I’m on King’s Island, slipped into the Nile a ten minute car drive south of Luxor. This is an oasis of green and calm set in a desert landscape where it hasn’t rained for a dozen years. Luxor and its temples, Karnak, the Valley of the Kings, the Valley of the Queens, the tomb of Tutankhamen, and the whole spectacular litter of the pharaohs are all minutes away. Luxor itself is a city made spoil tip by archaeological excavation. It has an economy that relies 85% on tourism. Egyptology drives. Around here touts proliferate, importuning visitors on every possible occasion. Carry your bag. Sell you postcards, water, fedora, straw boater, sunglasses, Pringles. Direct you to a restaurant. Find you a horse, a manservant, a guide. Change your money. Borrow your pen. Look at your camera. Smoke your cigarettes. Button your shirt. Hold your hand.

In Egypt it’s hard to know where to turn, or indeed how to turn. Smile at anyone and they’ll immediately begin the process that ends in you handing over cash. Persistent, irritating, pointless. But not at the Jolie Ville.
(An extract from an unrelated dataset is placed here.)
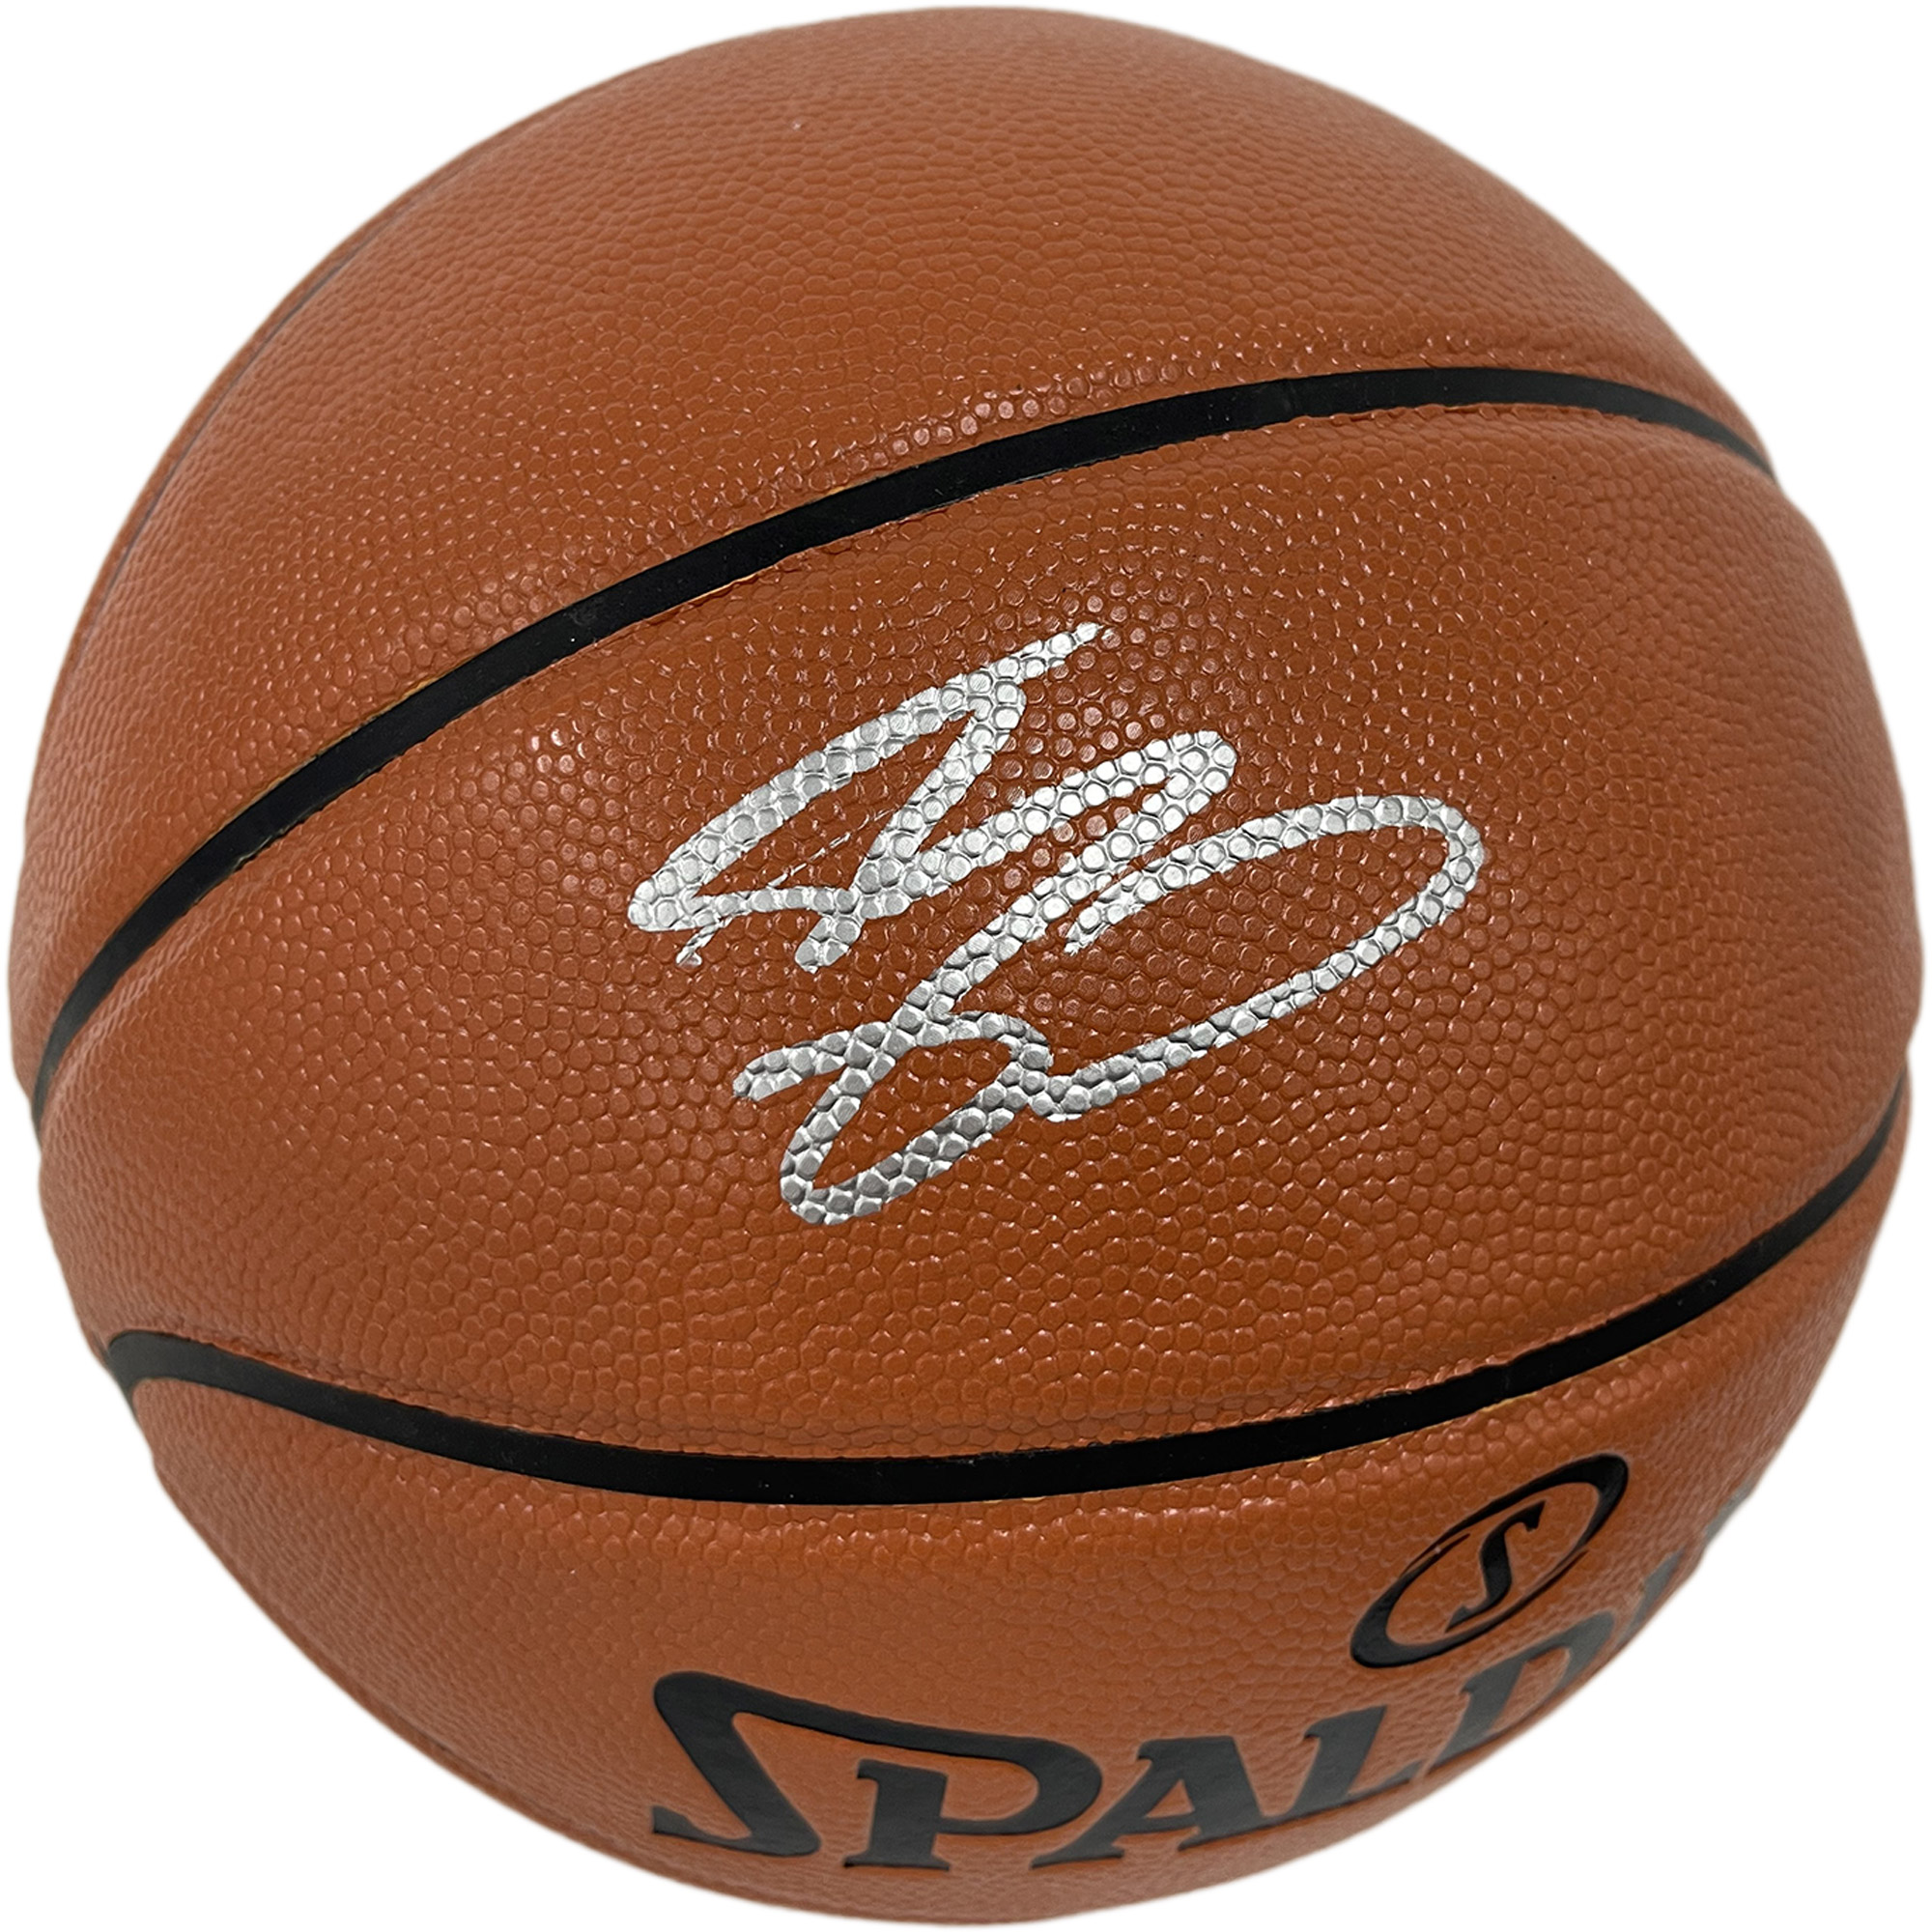 Basketball – Shaquille O’Neal Hand Signed Spalding Basketb...

Once you’ve crossed the newly installed road bridge, gone through security where men with mirrors on sticks check the undersides of your vehicle and the licence of the driver, you are free. Back to a world where a smile means a smile. You can cease muttering the mantra la shukran, thank you, no, go away, stop, don’t, please. Here service is delivered free. It’s part of the deal.
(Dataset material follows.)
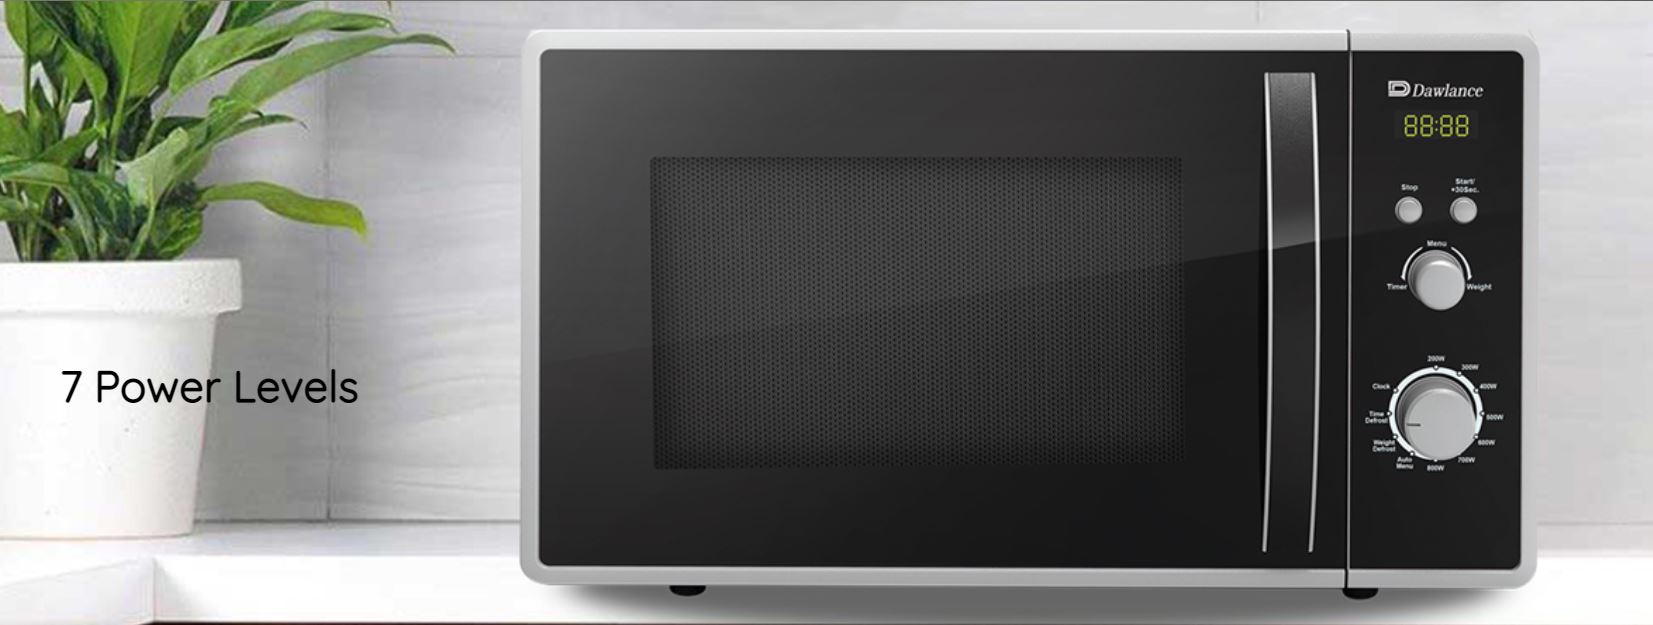 DAWLANCE MD-10 - Heating Microwave Oven

King’s Island was until a few years ago known as Crocodile Island – named after the reptiles that once swam the river here. Or maybe it was after the aged beast that lurked in the warm ponds of the Hotel’s zoo. Gone. The zoo’s croc sent on Egyptian government order to be set free in the waters of Lake Nasser. The island name changed because Kings sell better than reptiles. The island is a business after all.

General manager Urs Umbricht
and shoeshine man
Gamal Seddek Mansy Benjamen

Urs Umbricht, genial, fifty, is the King of Kings. He’s the Jolie Ville’s General Manager, the GM, forever present among his guests and his extensive staff. My predecessor, he told me, used to manage things by email, stayed in his office. I like to meet people and talk to them. The world spins better that way.

Urs has been in the hotel trade as long as he can remember. He began in the kitchens at his grandfather’s establishment, the Hotel Hasenstrick, in Zurich. He’s managed establishments across the world beginning with his first, in Kenya, at the age of twenty-seven. He’s a fixer. He moves in to manage change or to sort failure and then moves on. He was in Aswan before Luxor, and in Zanzibar before that. He’s been at the Jolie Ville for a year. Where next? Maybe my time of moving is over, he says. I’m getting older. Maybe I’ll stay.

The Jolie Vile used to be part of the European Mövenpick chain but now it’s owned by an Egyptian, Hassain Khaled Salem. Salem employs Urs on contract. And if that contract says “make it work” then Urs has fulfilled.

The hotel, which occupies the entirety of King’s island, has nothing over two stories with most of its structure at ground level. It has a central reception and series of restaurants around which, in landscaped gardens, are set residential bungalows. There’s a gym, tennis courts, football field, giant chess, a crocket lawn, ping pong, boules, hammocks, pools, snack bars, and more sun loungers than even the Germans can manage to reserve. Mid-afternoon a man with a trolley comes and sells you tea, coffee and cake. There’s no background music. All the sun does is shine.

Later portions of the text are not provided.